Not such a special day for H & T … COVID scuppers the best of plans.

As Jesus broke bread with his disciples,
so be known to us, God, in the ordinary things:
in simple acts of sharing,
in simple words of hope,
in unadorned love;
all intimations of your Spirit’s life.

the seed

God our maker,
from the smallest of seeds
grow the kingdom of heaven
in me,
in my friends,
in my enemies,
in people I barely know,
in this country,
in this world of humanity,
on this whole planet,
in all of the created universe:
kingdom where the last are first
and the least are the greatest.

And may your will be done
on earth as in heaven.

Being convinced

From the Lectionary, Romans 8:38-39 … “For I am convinced that neither death, nor life, nor angels, nor rulers, nor things present, nor things to come, nor powers, nor height, nor depth, nor anything else in all creation, will be able to separate us from the love of God in Christ Jesus our Lord.”

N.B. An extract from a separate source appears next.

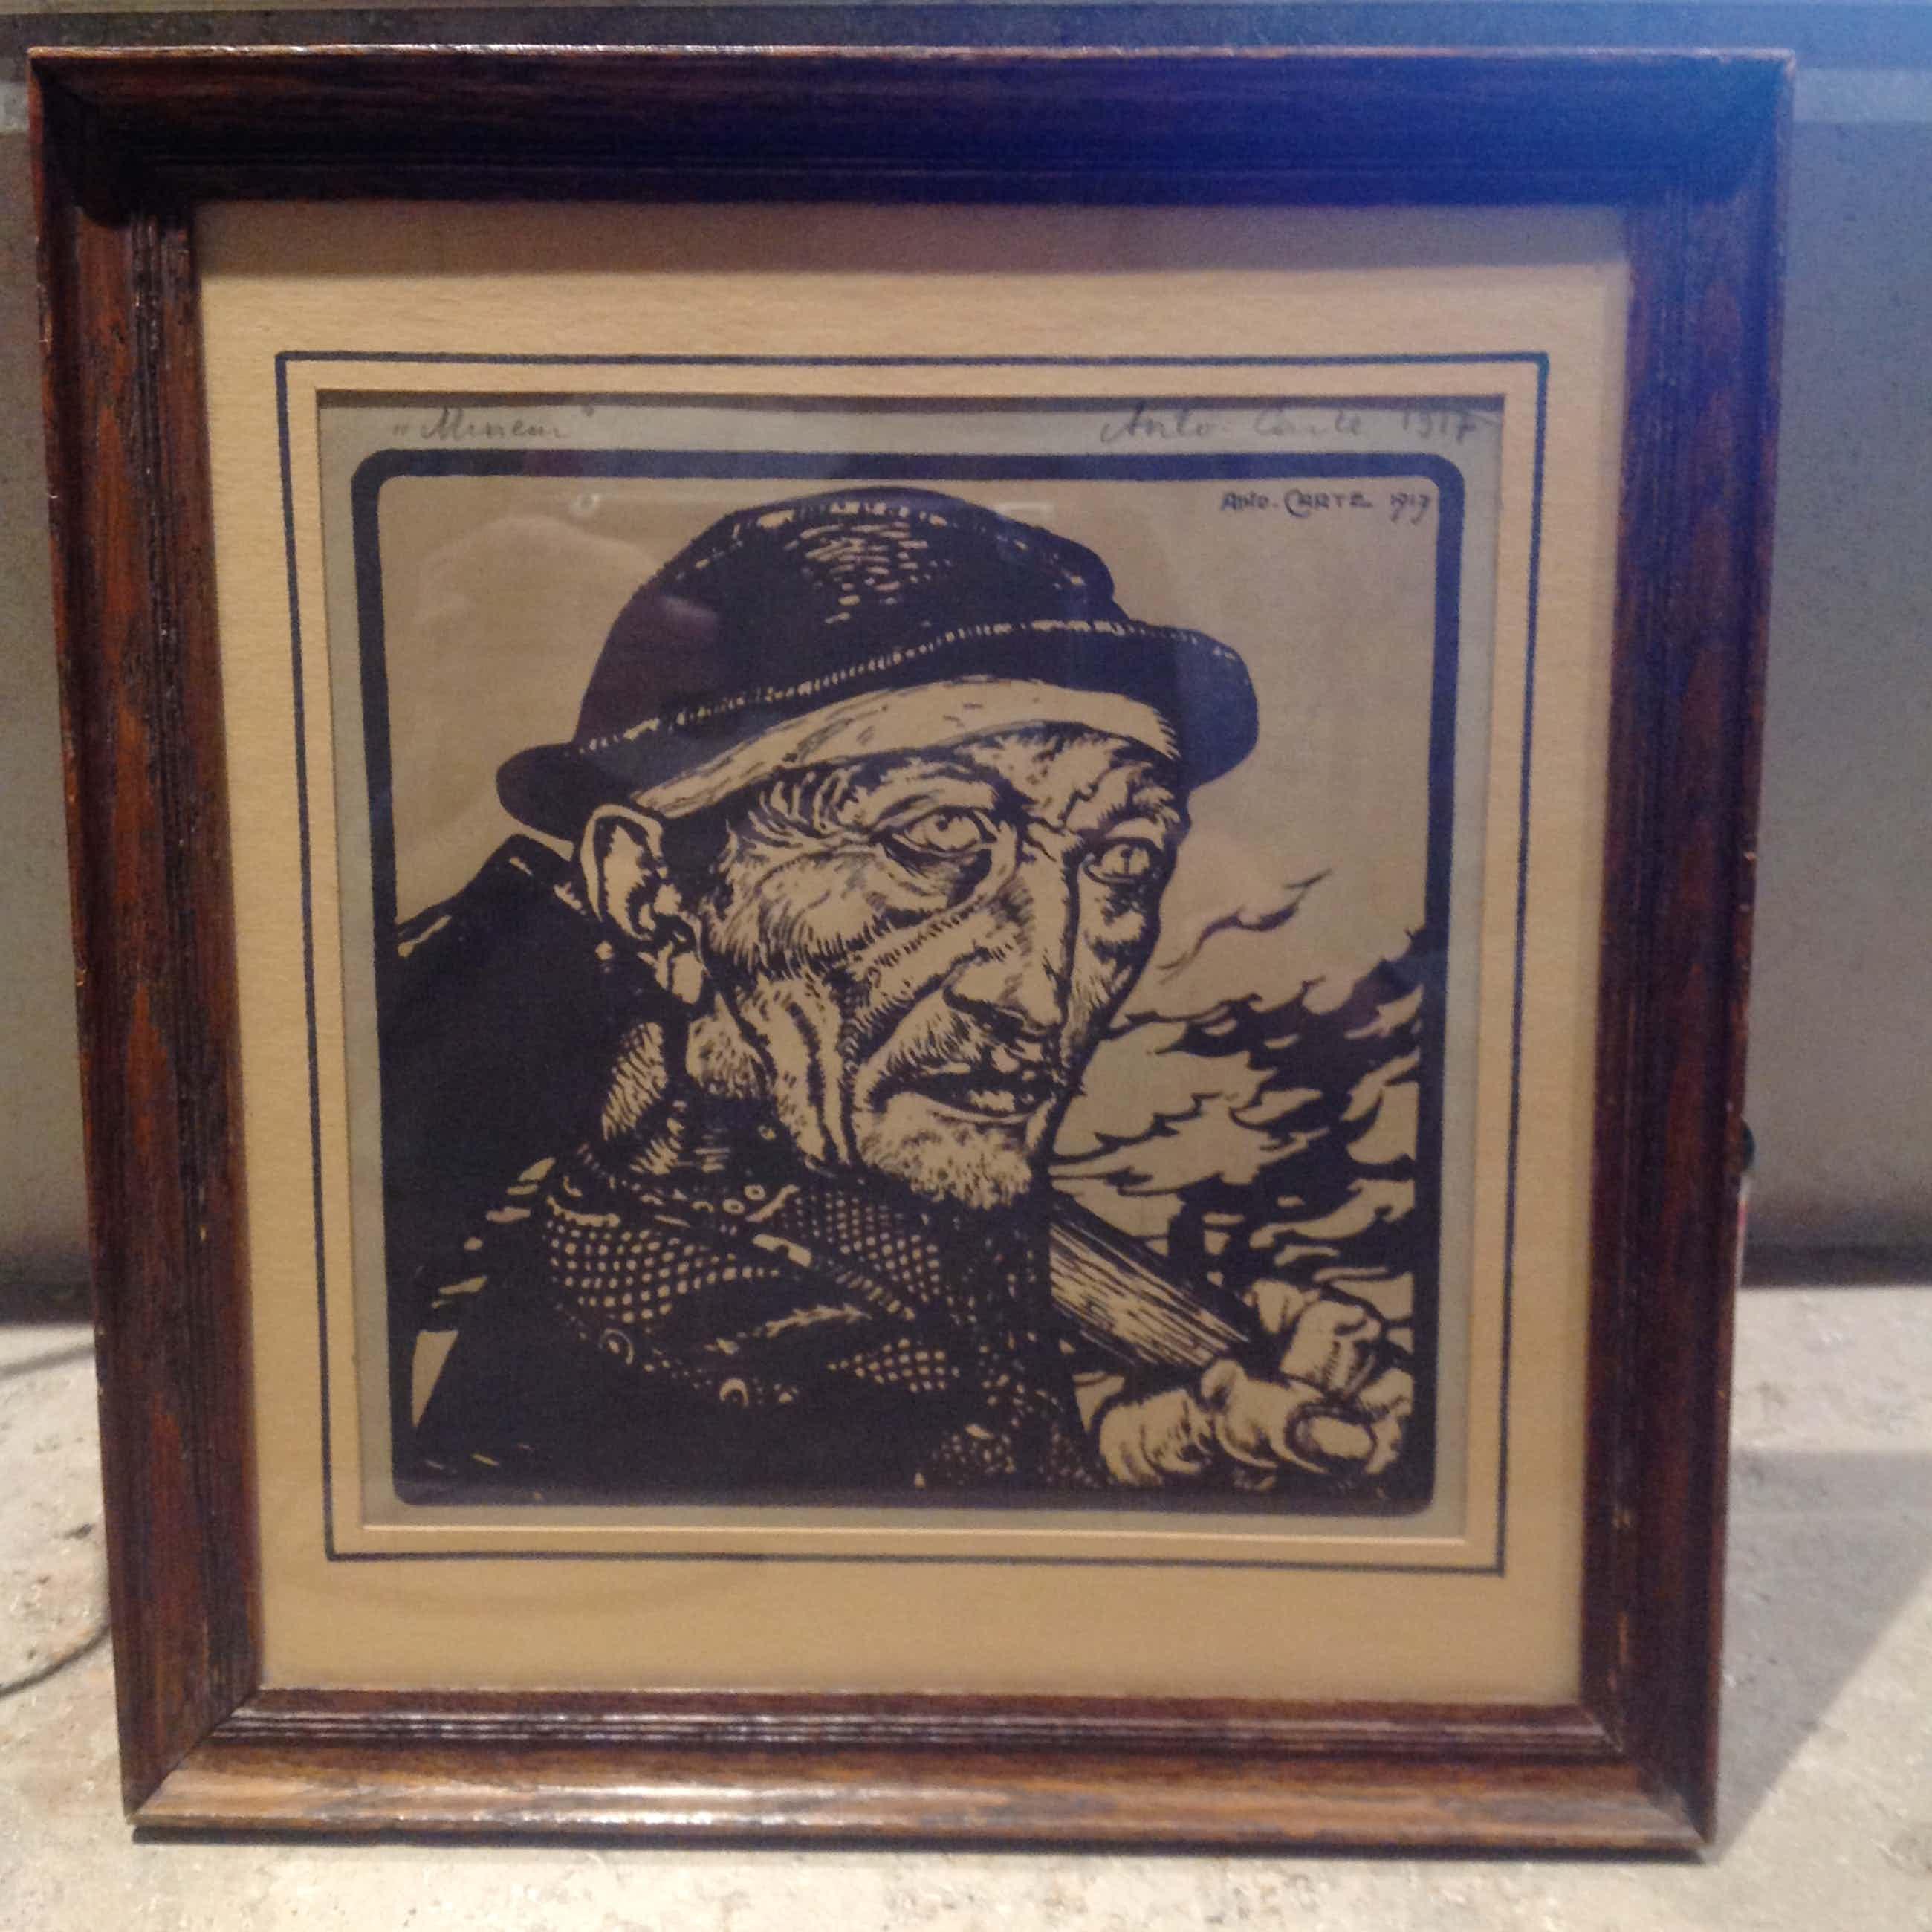 "Anto Carte - Lithografie "" mineur "" 1917 kopen? Bied vanaf 200!"

Is this about blithe certainty, or an act of the will, the courageous commitment to live trusting in God’s love? Whichever, it inspires me.

Time to walk this morning in a slot between the rains.

KODAK Digital Still Camera

A different world

The story of Rachel, Leah, Laban and Jacob in the Lectionary is about a different world. And I’m glad it is. For all the kind descriptions of their beauty, Leah and Rachel seem to play no part in deciding their futures. They might as well be possessions. Therefore it is hard to know what lessons to take from this account. Though perhaps it might be as well when welcoming a stranger to explain the local customs at an early stage!

Meanwhile, according to the radar there is rain all around us, and it seems, above us, but I got a walk in without getting wet. I guess the snow/rain is evaporating before it reaches the ground. It does that kind of thing sometimes. You can sometimes see virga/fallstreaks hanging out of the bottom of clouds and not reaching the ground. Often that is because the relatively opaque mass of snow has melted into a less opaque mass of rain on the way down. Sometimes, though, it has evaporated completely. And ISTR Janet had the opposite experience last year on the north coast of Sutherland/Caithness. The radar showed little evidence of the drizzle which drenched her. Forming in the low cloud I guess.